In 1990, he was invited by Roger Waters to play at The Wall – Live in Berlin concert, held in Potsdamer Platz; he played Pink Floyd's songs "Goodbye Blue Sky" and "Is There Anybody Out There?". Galway performed for the Academy Award-winning ensemble recording the soundtracks of Peter Jackson's The Lord of the Rings film trilogy, composed by Howard Shore. In June 2008, he was inducted into the Hollywood Bowl Hall of Fame along with Liza Minnelli and B. B. King.

He performs on Nagahara flutes, as well as some Muramatsu Flutes. Conn-Selmer produces his line of flutes, "Galway Spirit Flutes".

Galway is president of Flutewise, a global charitable organisation that supports young flute players, run by Liz Goodwin. In 2003 he formed the Music Education Consortium together with Julian Lloyd Webber, Evelyn Glennie, and Michael Kamen to pressure the British Government into providing better music education in schools. He has been an Ambassador for the National Foundation for Youth Music, a UK charity.

He was appointed an Officer of the Order of the British Empire (OBE) in the 1977 Silver Jubilee and Birthday Honours, and was knighted for services to music in the 2001 Birthday Honours, the first wind player ever to receive that honour.

Galway is a National Patron of Delta Omicron, an international professional music fraternity, and an ambassador of the UK charity Help Musicians.

In December 2013, Galway launched First Flute, an online interactive series of lessons for beginning flute students of all ages.

He received the 2014 Gramophone Lifetime Achievement Award.

==Personal life==
Galway has been married three times. His first marriage, to a French woman, produced a son. He married his second wife, Anna (Annie) Renggli, a daughter of a well-known Swiss architect, in 1972; they moved from Berlin to Lucerne, Switzerland, Anna's hometown. The couple had twin daughters and a son. In 1978 he recorded an instrumental version of John Denver's "Annie's Song" for her. It peaked at no. 3 in the UK Singles Chart.

After this divorce, he moved to Meggen, Switzerland, a village next to Lucerne, where he resides now with his third wife, the American-born flute player Jeanne Galway (née Cinnante), whom he married in 1984. They often tour together, playing duets. In addition, they give masterclasses and lectures.

Galway is a devout Christian who visits various types of churches while travelling (as long as they are not – in his view – modern and "happy-clappy"), and prays before his concert performances. He also wears a cross pendant, about which he says, "It's not jewellery. It's something that reminds me of what I should be doing and how I should be behaving."

In August 1977, Galway was run over by a speeding motorcycle in Lucerne, breaking his left arm and both legs and required a four-month hospital stay. He has the eye condition nystagmus, and is a patron of the Nystagmus Network, a charity that supports people with the condition. In December 2009, he fell down a flight of stairs at his home, fracturing his left wrist and breaking his right arm.

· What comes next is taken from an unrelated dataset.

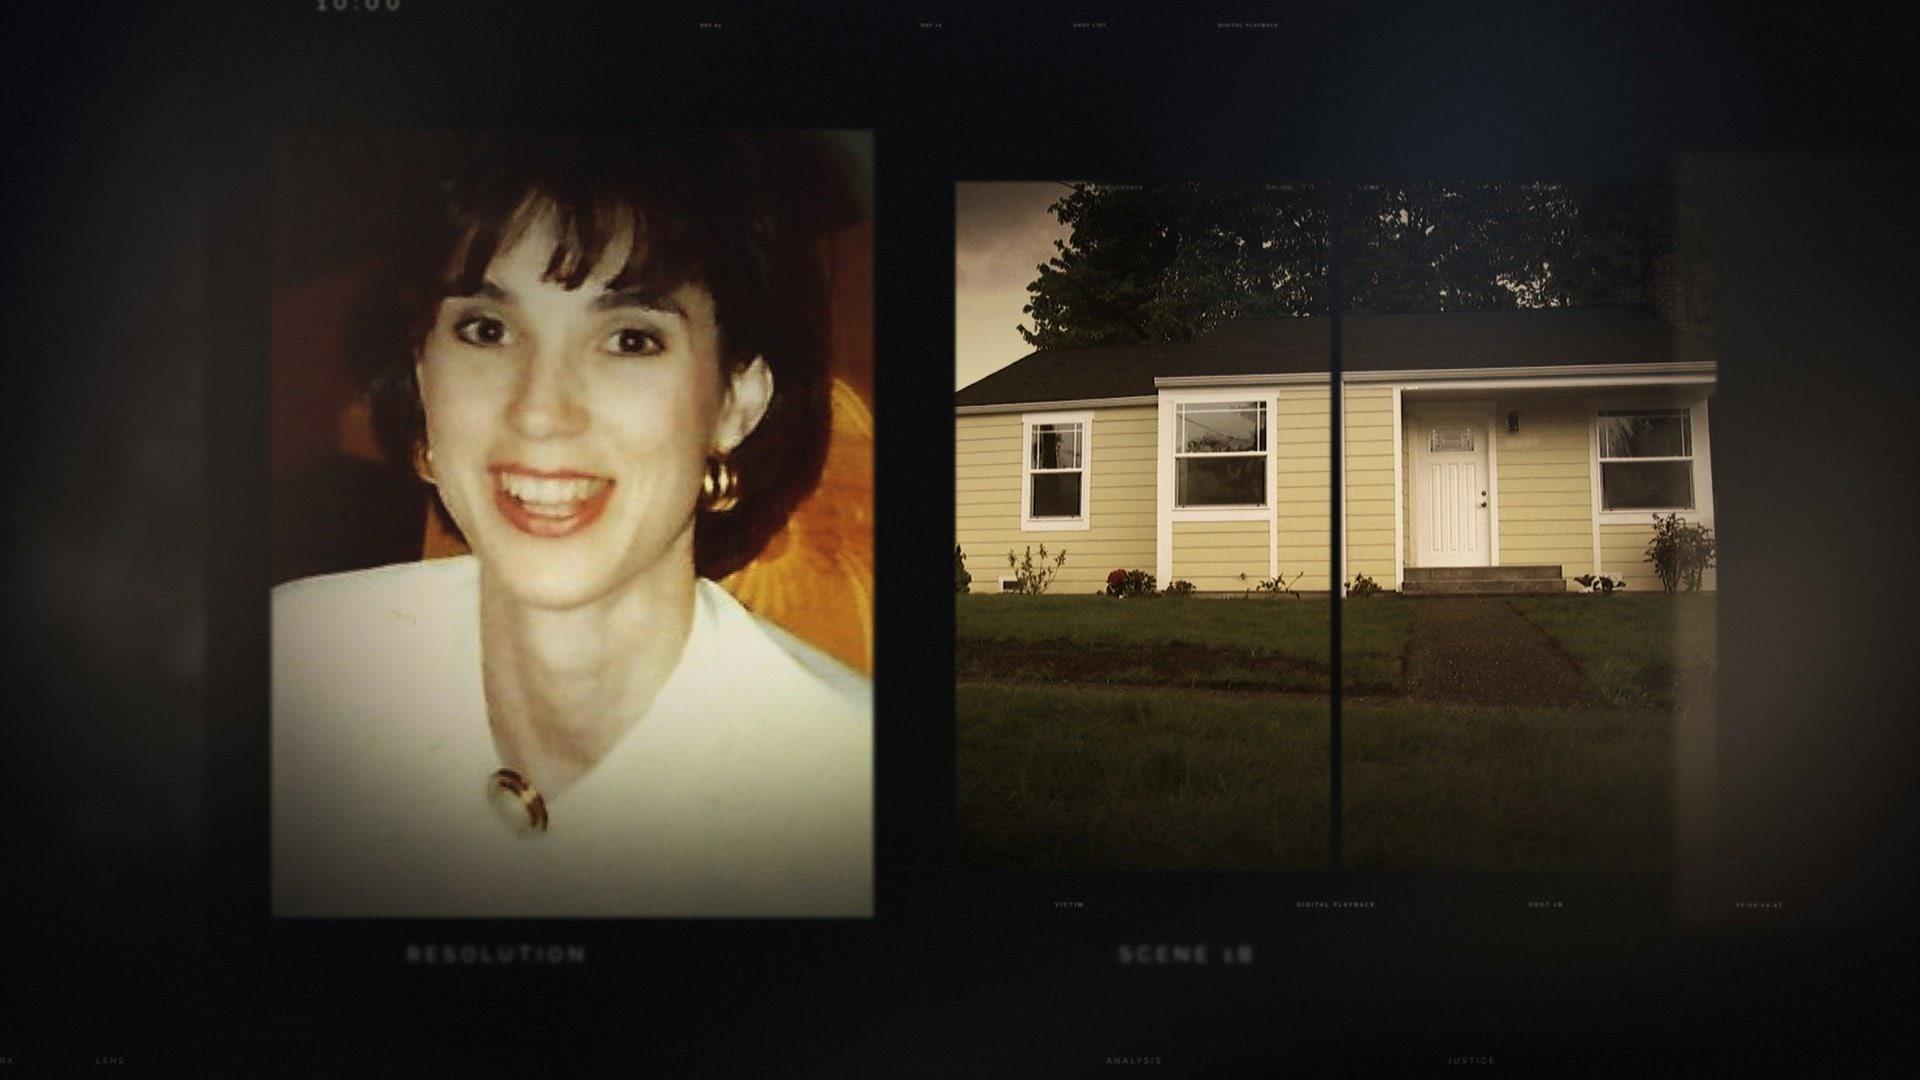 The Disappearance of Sandi Johnson

Appearing on The Nolan Show in June 2015, Galway stated that he views his national identity as Irish. He was critical of the actions of the Northern Irish government during his childhood, and singled out prominent Unionist figures such as Ian Paisley whom Galway blamed for fostering the divisions that led to The Troubles. His comments were criticised by prominent Unionist politicians, among them Sammy Wilson. Describing Northern Ireland as "the British-occupied part of Ireland", Galway further elaborated he would like "Ireland to be Ireland" and that when people ask him where he comes from he says "Ireland" and when asked if he is "Irish", he replies affirmatively. He did, however, accept substantive British honours, first an OBE, and later a knighthood.

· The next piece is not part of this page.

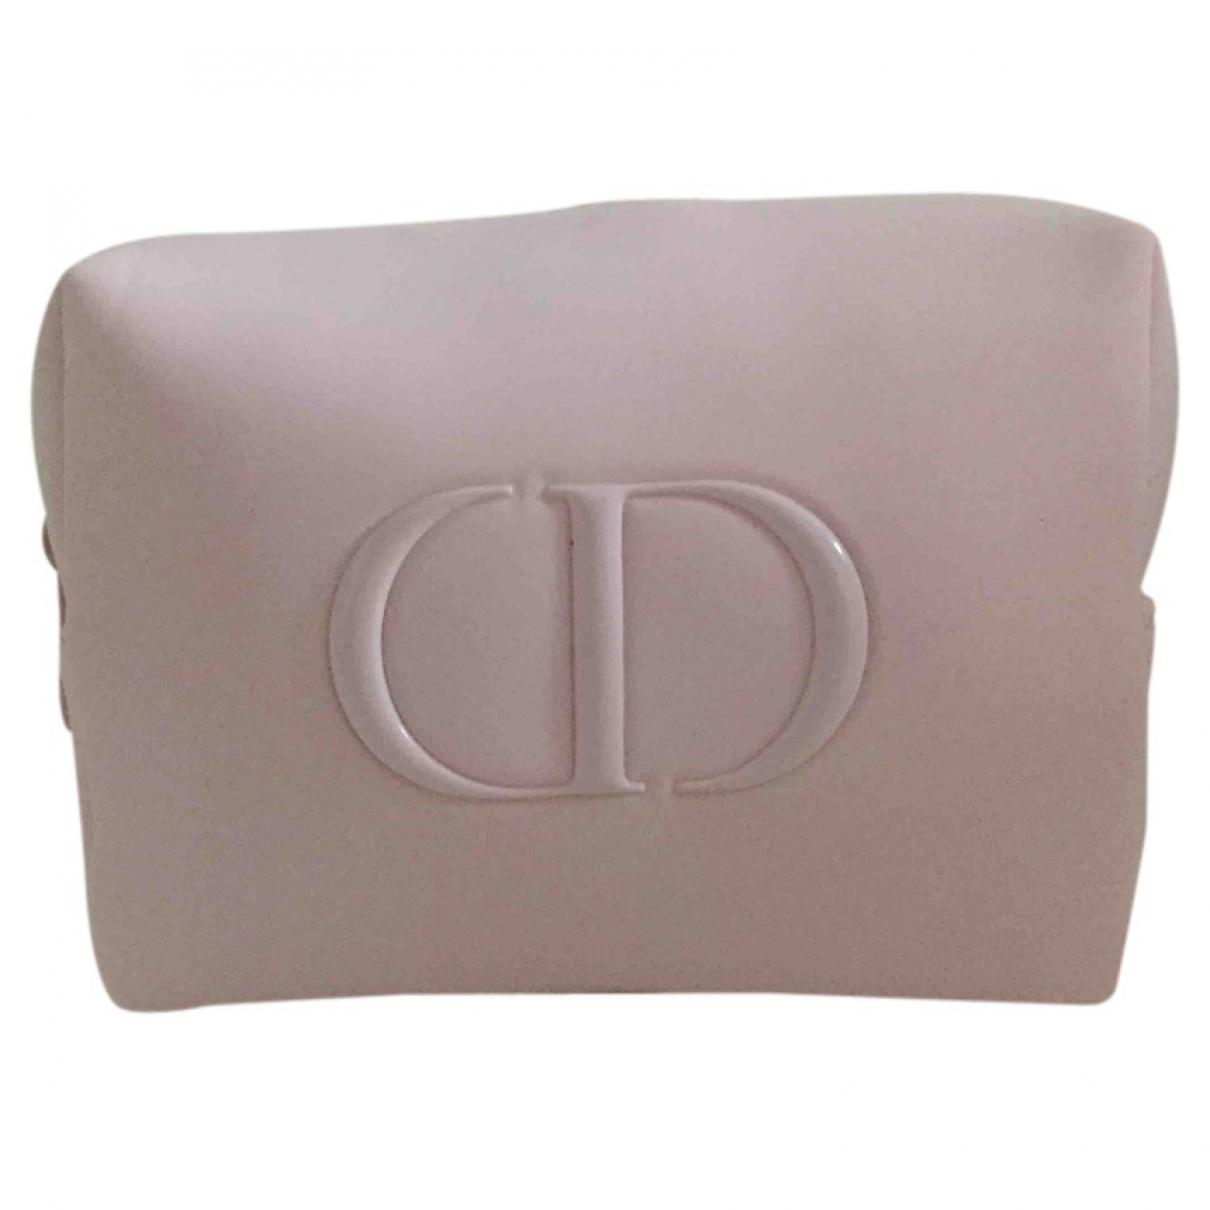 Dior \N Pink Travel bag for Women \N

His younger brother, George (1940–2020), was a jazz musician (clarinet, flute, and saxophone) and teacher based in Manchester, England. George's elder child and James's nephew, Martin Galway, is a musician known for his work on Commodore 64 computer game music in the 1980s.

==Discography==
NOTE: All release dates for non-compilations below are taken from the liner notes for The Man with the Golden Flute – The Complete RCA Collection (71 CDs and 2 DVDs box set) (2014).

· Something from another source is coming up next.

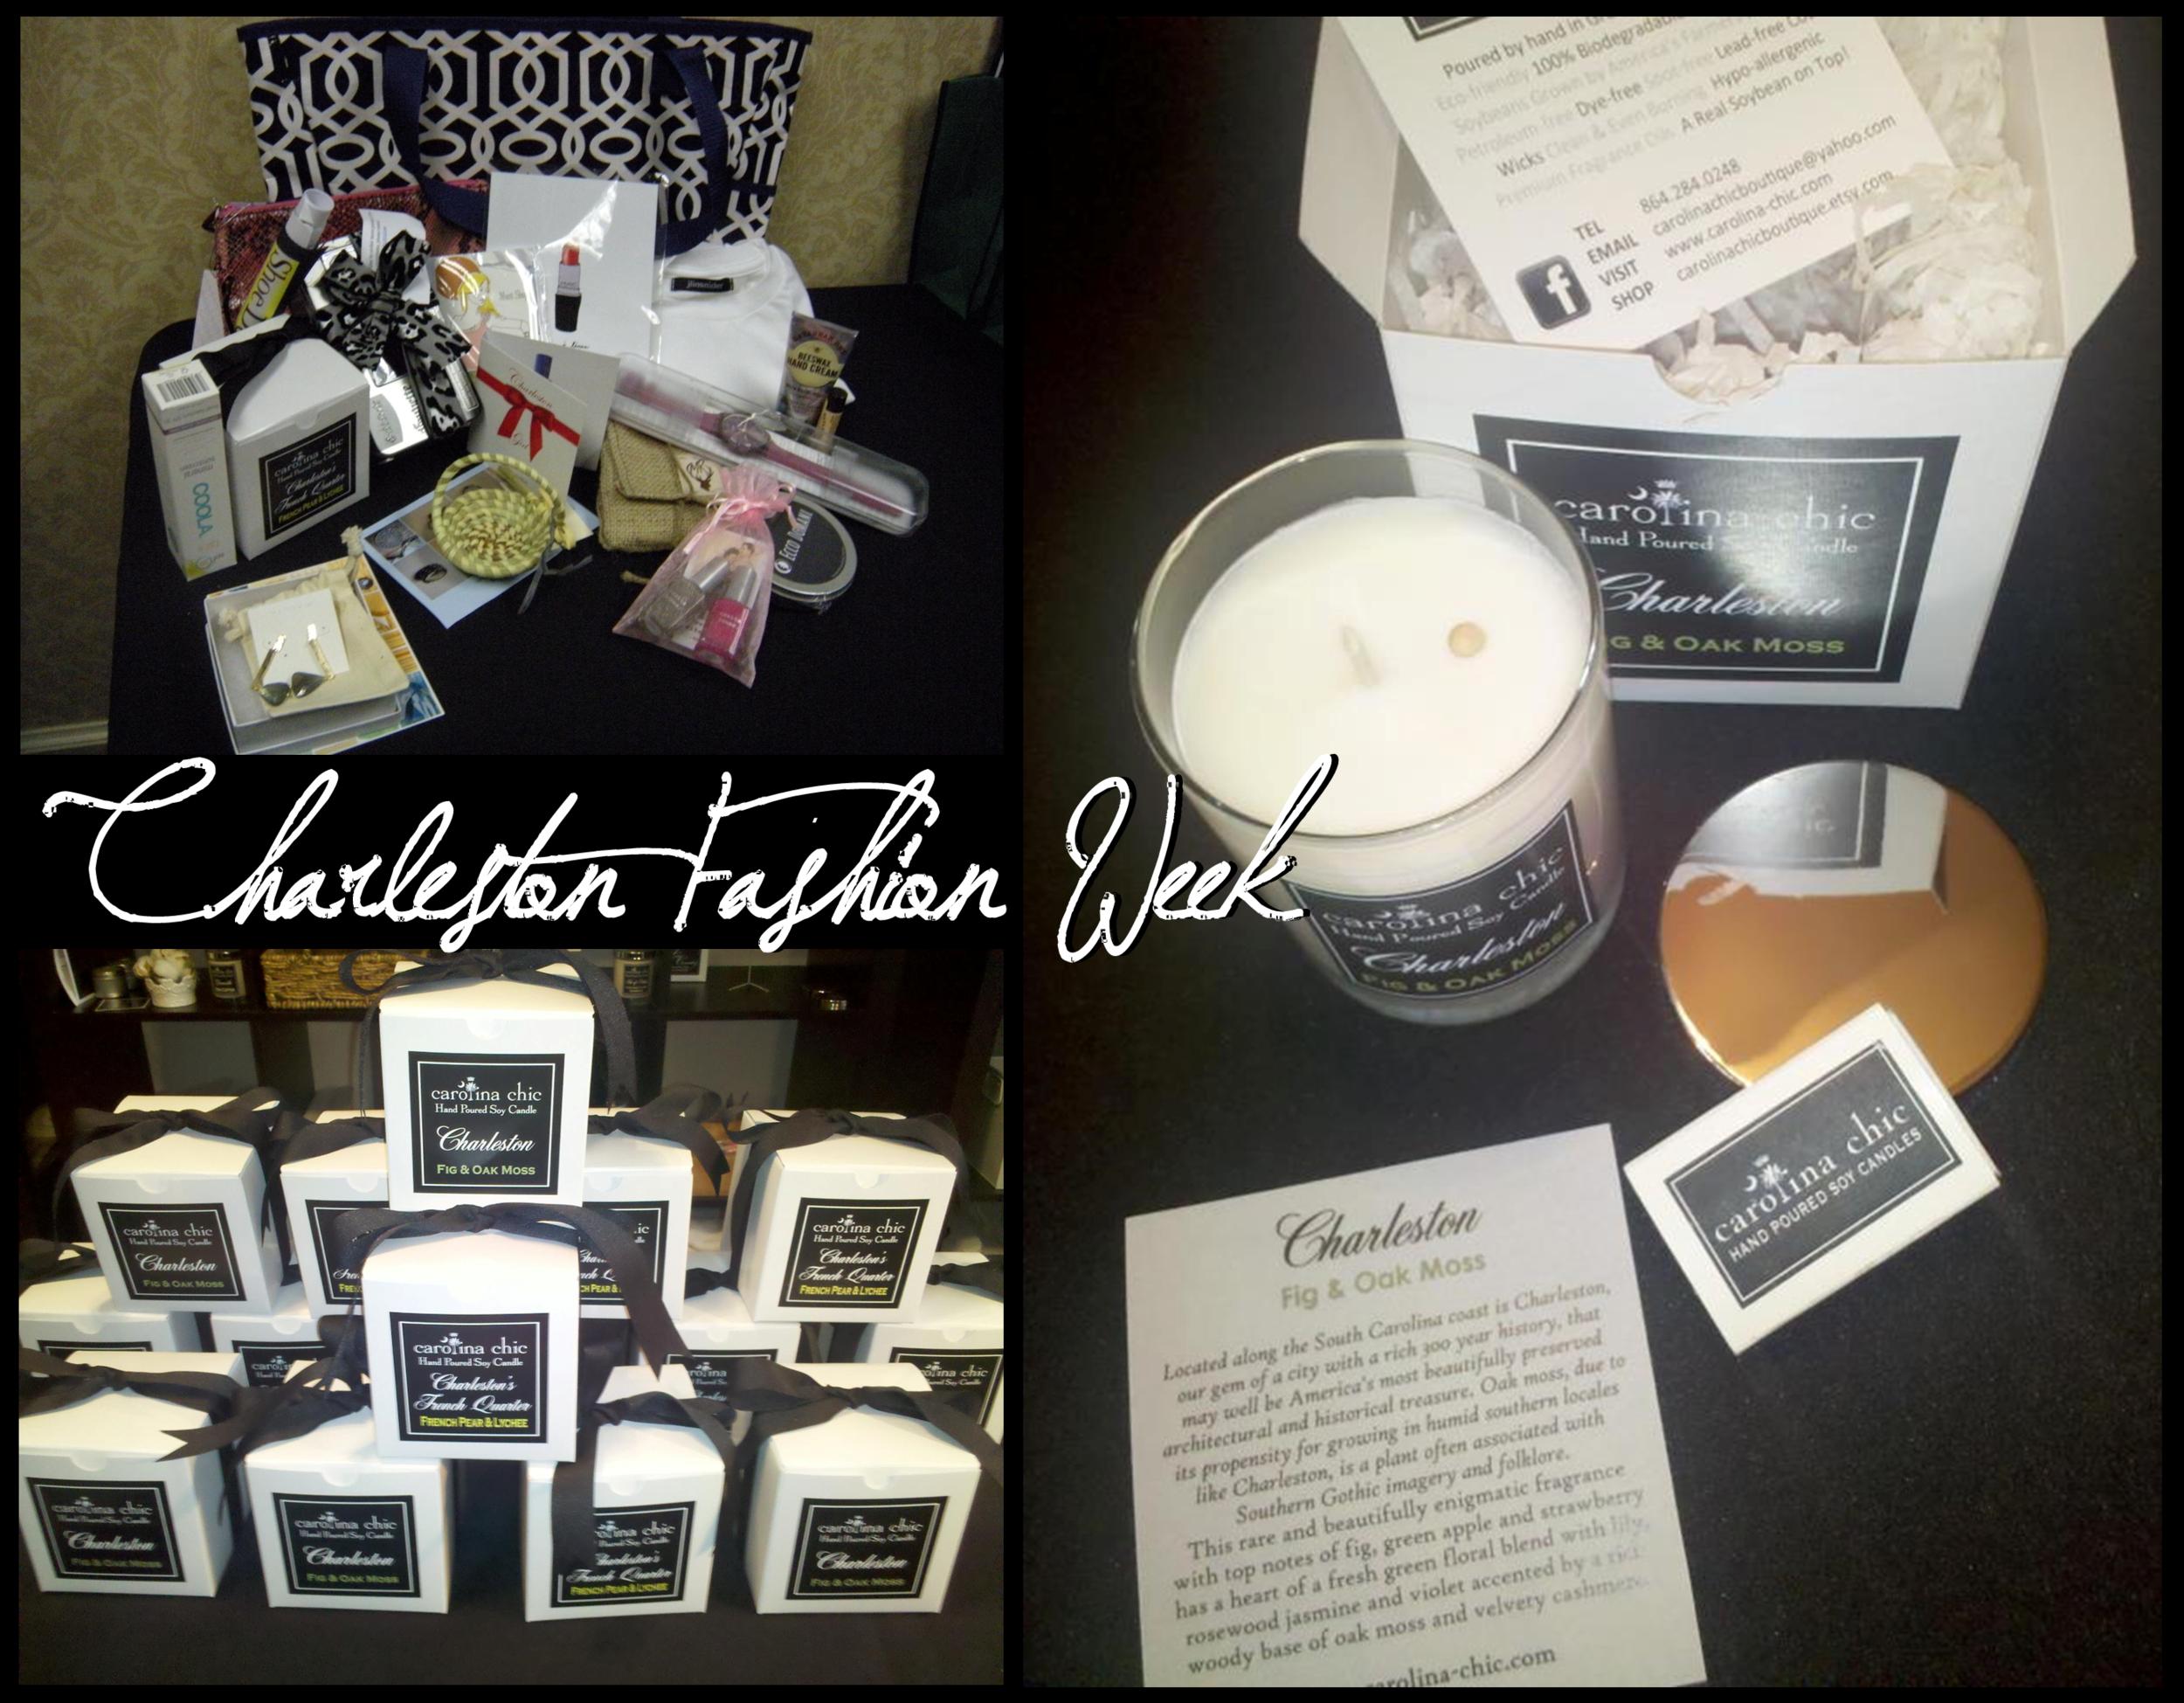 Charleston Fashion Week / VIP Gifts

- Prokofiev & Franck: Sonatas for Flute and Piano (with Martha Argerich; November 1975)
- Man with the Golden Flute (with the National Philharmonic Orchestra,
Charles Gerhardt, conductor; May 1976)
- Mozart: The Two Flute Concertos, Andante for Flute and Orchestra (with the Festival Strings Lucerne, Rudolf Baumgartner, conductor; March 1977)
- Vivaldi: The Four Seasons (with the Zagreb Soloists; May 1977)
- The Magic Flute of James Galway (with the New Irish Chamber Orchestra, André Prieur, conductor; March 1978)
- James Galway Plays Bach (with Zagreb Soloists, Tonko Ninić, concertmaster; September 1978)
- Annie's Song and Other Galway Favorites (with the Harp Ensemble, Marisa Robles, director; Kevin Conneff, bodhrán (Irish drum); and the National Philharmonic Orchestra, Charles Gerhardt, conductor; January 1979)
- James Galway Plays Mozart (with Marisa Robles, harp, and the London Symphony Orchestra, Eduardo Mata, conductor; May 1979)
- James Galway Plays Rodrigo (with Philharmonia Orchestra, Eduardo Mata, conductor; August 1979)
- James Galway Plays Telemann (with the Zagreb Soloists, Tonko Ninić, concertmaster; October 1979)
- Song of the Seashore and Other Melodies of Japan (with Susumu Miyashita, koto; Ayako Shinozaki, harp; and the Tokyo String Orchestra, Hiroyuki Iwaki, conductor; February 1979)
- Sometimes When We Touch (with Cleo Laine; June 1980)
- French Flute Concertos (with the Royal Philharmonic Orchestra, Charles Dutoit, conductor; October 1980)
- James Galway Plays Stamitz (with the New Irish Chamber Orchestra, André Prieur, conductor; January 1981)
- Songs of the southern cross (with The Sydney Symphony Orchestra, David Measham, conductor; 1981)
- James Galway Plays Reinecke (with Phillip Moll, piano, and the London Philharmonic Orchestra, Hiroyuki Iwaki, conductor; May 1981)
- Pachelbel Canon (June 1981)
- Galway Plays Mayer: Sri Krishna (with Phillip Moll, piano; John Mayer, tanpura; and the London Philharmonic Orchestra, Hiroyuki Iwaki, conductor; 1981)
- Bach: Trio Sonatas (with Kyung-wha Chung, violin; Phillip Moll, harpsichord; and Moray Welsh, cello continuo; February 1982)
- The Wayward Wind (September 1982)
- Mozart: The Two Flute Concertos (with the New Irish Chamber Orchestra, André Prieur, conductor; October 1982)
- Nocturne (August 1983)
- James Galway Plays Schubert (with Phillip Moll, piano; August 1984)
- In the Pink (with Henry Mancini, conductor; August 1984)
- Lennox Berkeley -- The Complete Works for Flute (April 1985)
- Vivaldi: 6 concerti opus 10 (with Malcolm Proud, harpsichord, and the New Irish Chamber Orchestra; April 1985)
- Phoenix -- Australian Flute Concertos (April 1985)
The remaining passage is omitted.